▶ **WHAT IS REQUIRED**
Leave out the images and repeat the listing below without a single change.

▶ **AVAILABLE DATA**
==*==

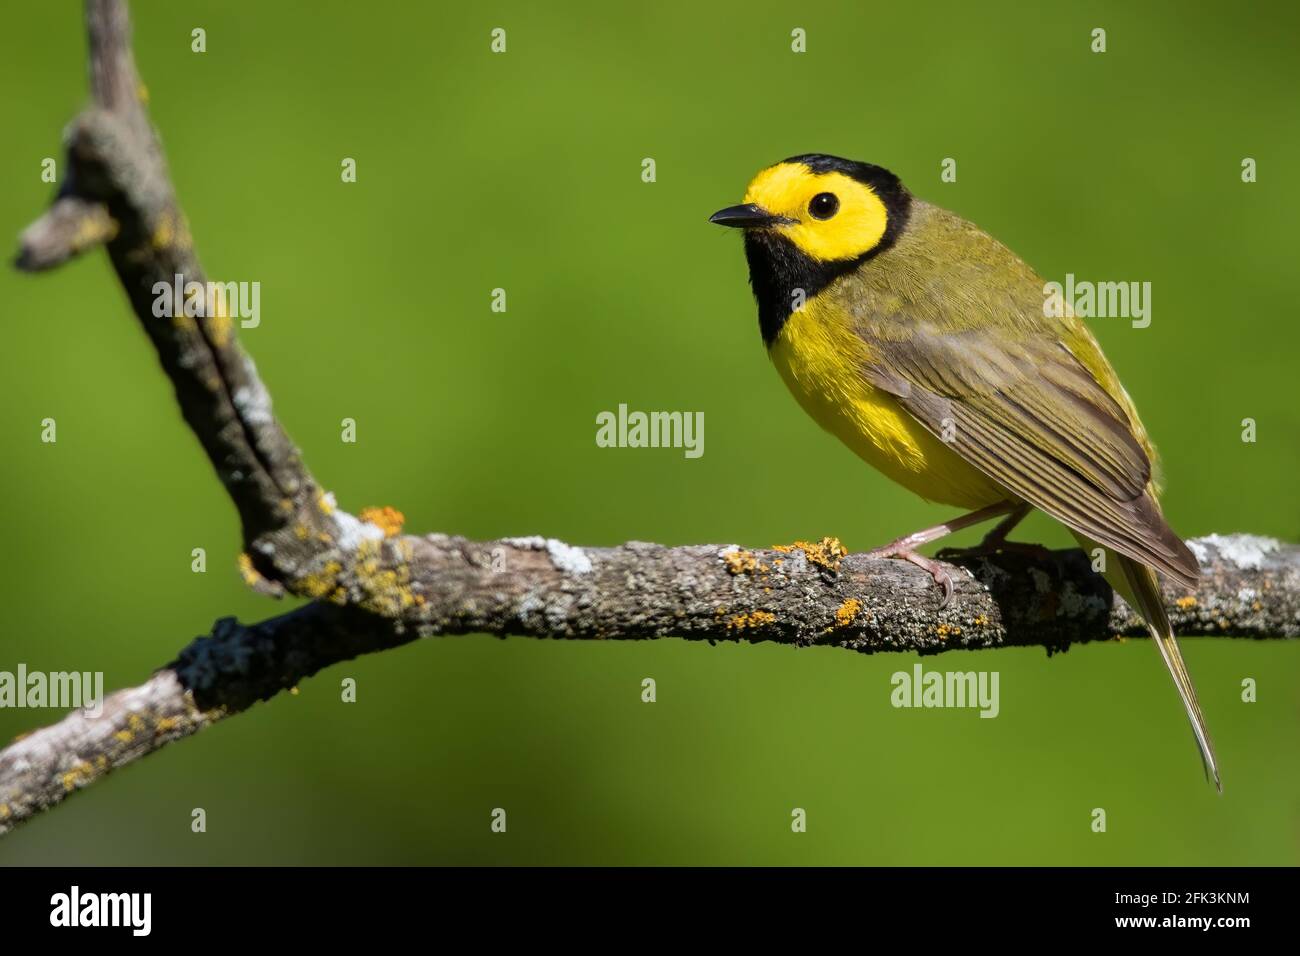 Adult male Hooded Warbler (Setophaga citrina) perched on a branch Stock Photo
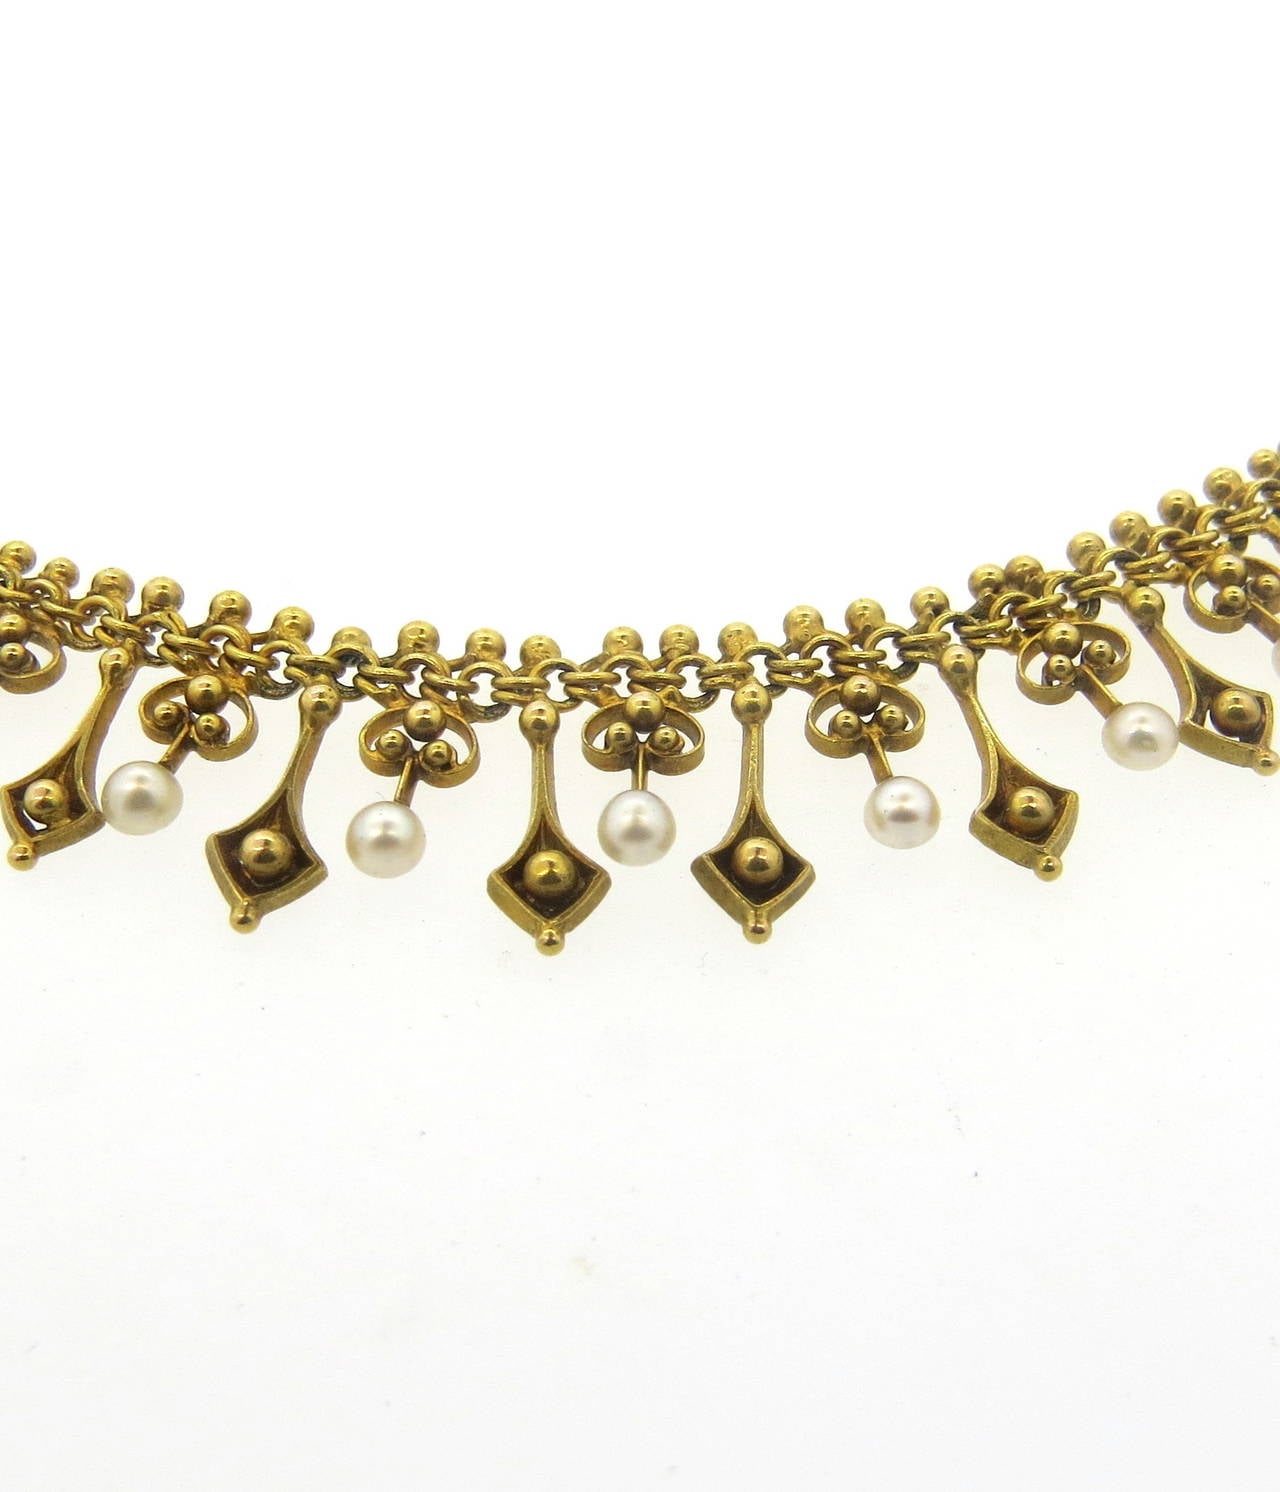 A 14k yellow gold necklace set with natural pearls 2.5mm in diameter.  The necklace is 15.5
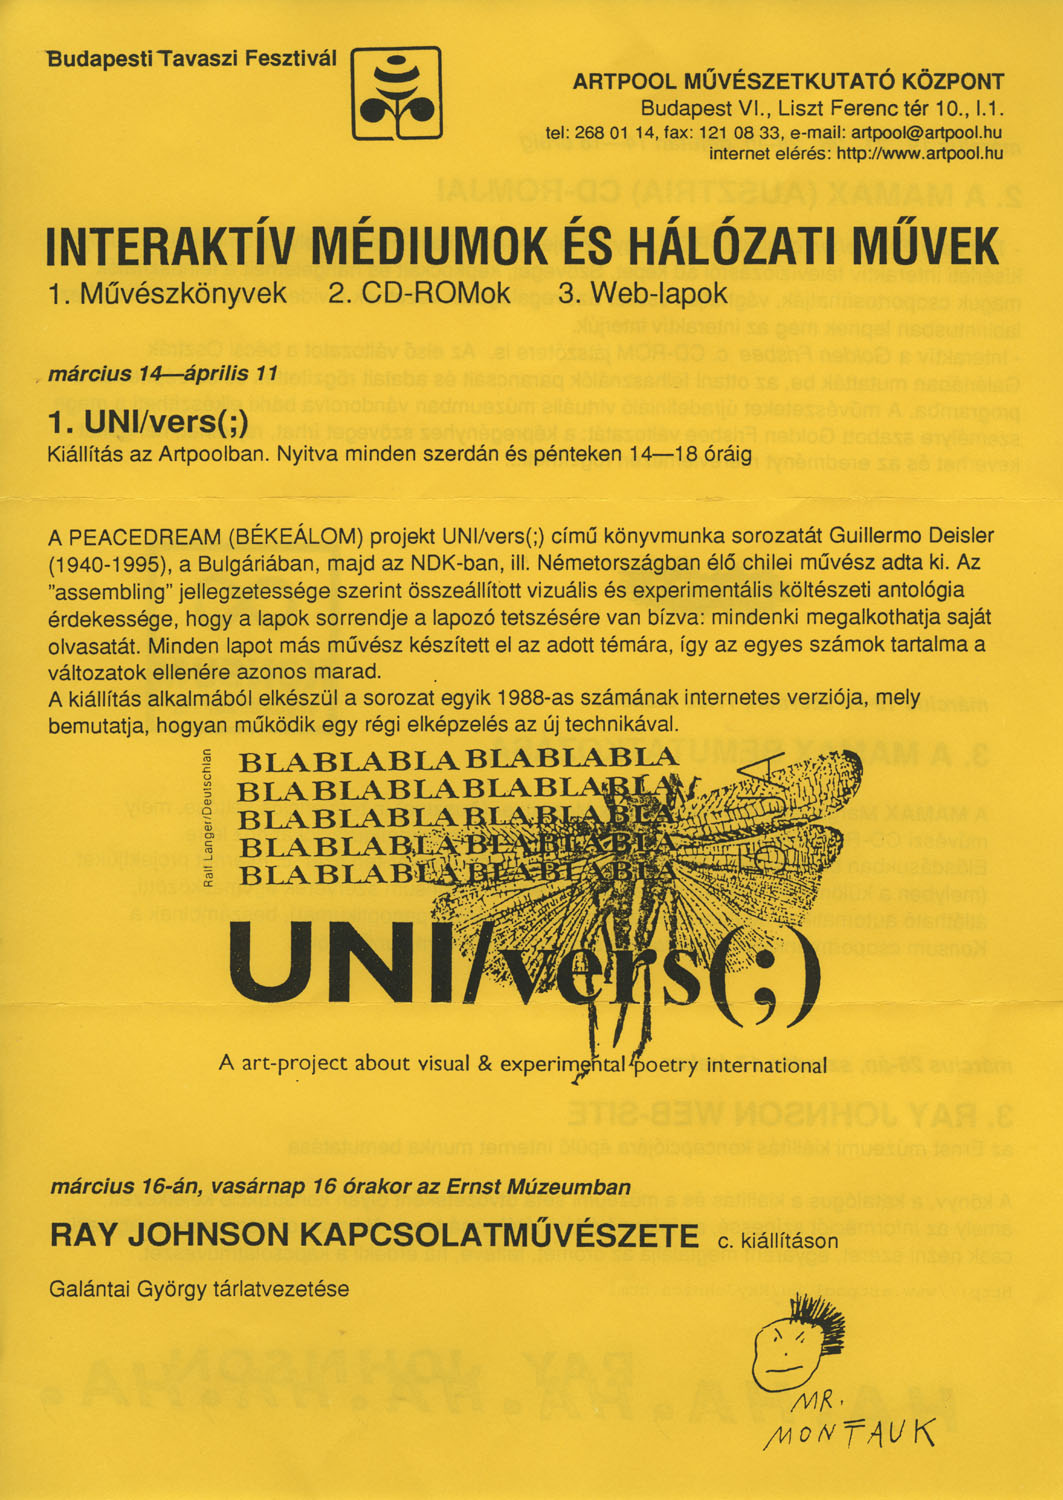 Invitation  for the series of events Interactive Mediums and Net-Works, Artpool Art Research Center, Budapest 1997 (1st and 2nd page)

==*==

▶ **TASK OUTPUT**
 Adult male Hooded Warbler (Setophaga citrina) perched on a branch Stock Photo
 A 14k yellow gold necklace set with natural pearls 2.5mm in diameter.  The necklace is 15.5
 Invitation  for the series of events Interactive Mediums and Net-Works, Artpool Art Research Center, Budapest 1997 (1st and 2nd page)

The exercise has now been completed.